Q: So, this is a framework for modeling dynamic Pearlian causal models, with multiple goal-directed agents, solving those models for agent strategy, and using those model econometrically?

A: Exactly.

Q: Does the thing you are building have any practical value? Or is it just more weird academic code?

A: I have high hopes that this thing I’m building could have a lot of practical value. Rigorous analysis of complex sociotechnical and economic systems remain hard problems. In finance, for example, as well as public policy, insurance, international relations, and other fields. I do hope what I’m building interfaces well with real data to help with significant decision-making. These are problems that Generative AI is quite bad at, I believe. I’m trying to build a strong, useful foundation for working with statistical models that include agents in them. This is more difficult than regression or even ‘transformer’-based learning from media, because the agents are solving optimization problems inside the model.

Q: What are the first applications you have in mind for this tool?
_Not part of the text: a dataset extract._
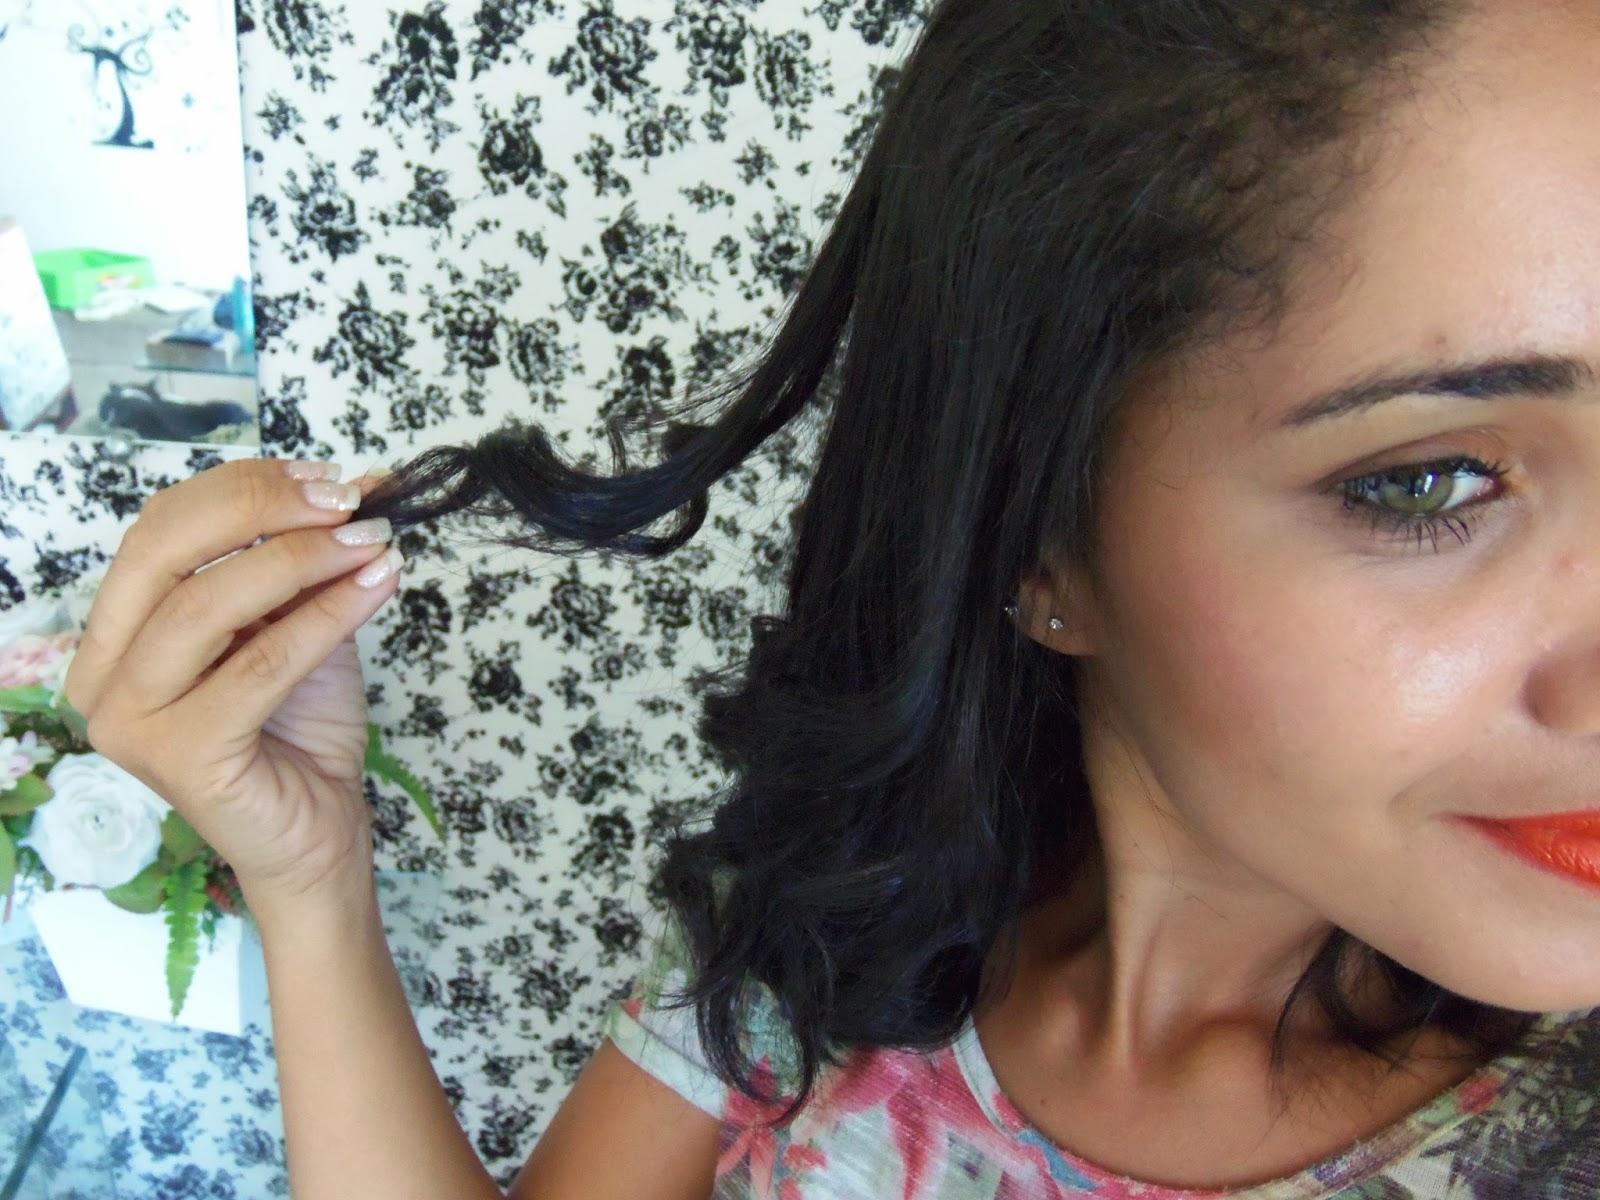 Oi meninas, fiz um vídeo para mostras para vocês como faço cachos no meu cabelo sem o babyliss. Espero que vocês gostem, Vamos assistir?

A: I’m motivated to build this because I think it’s needed to address questions in technology policy and design. This is the main subject of my NSF-funded research over the past several years. Here are some problems I’m actively working on which overlap with the scope of this tool:

• Integrating Differential Privacy and Contextual Integrity. I have a working paper with Rachel Cummings where we use Structural Causal Games (SCGs) to set up the parameter tuning of a differentially private system as a mechanism design problem. The tool I’m building will be great at representing structural causal games (SCG). With it, the theoretical technique can be used in practice.
• Understanding the Effects of Consumer Finance Policy. I’m working with an amazing team on a project modeling consumer lending and the effects of various consumer protection regulations. We are looking at anti-usury laws, nondiscrimination rules, forgiveness of negative information, the use of alternative data by fintech companies, and so on. This policy analysis involves comparing a number of different scenarios and looking for what regulations produce which results, robustly. I’m building a tool to solve this problem.
• AI Governance and Fiduciary Duties. A lot of people have pointed out that effective AI governance requires an understanding of AI supply chains. AI services rely on complex data flows through multiple actors, which are often imperfectly aligned and incompletely contracted. They also depend on physical data centers and the consumption of energy. This raises many questions around liability and quality control that wind up ultimately being about institutional design rather than neural network architectures. I’m building a tool to help reason through these institution design questions. In other words, I’m building a new way to do threat modeling on AI supply chain ecosystems.

Q: Really?

A: Yes! I sometimes have a hard time wrapping my own head around what I’m doing, which is why I’ve written out this blog post. But I do feel very good about what I’m working on at the moment. I think it has a lot of potential.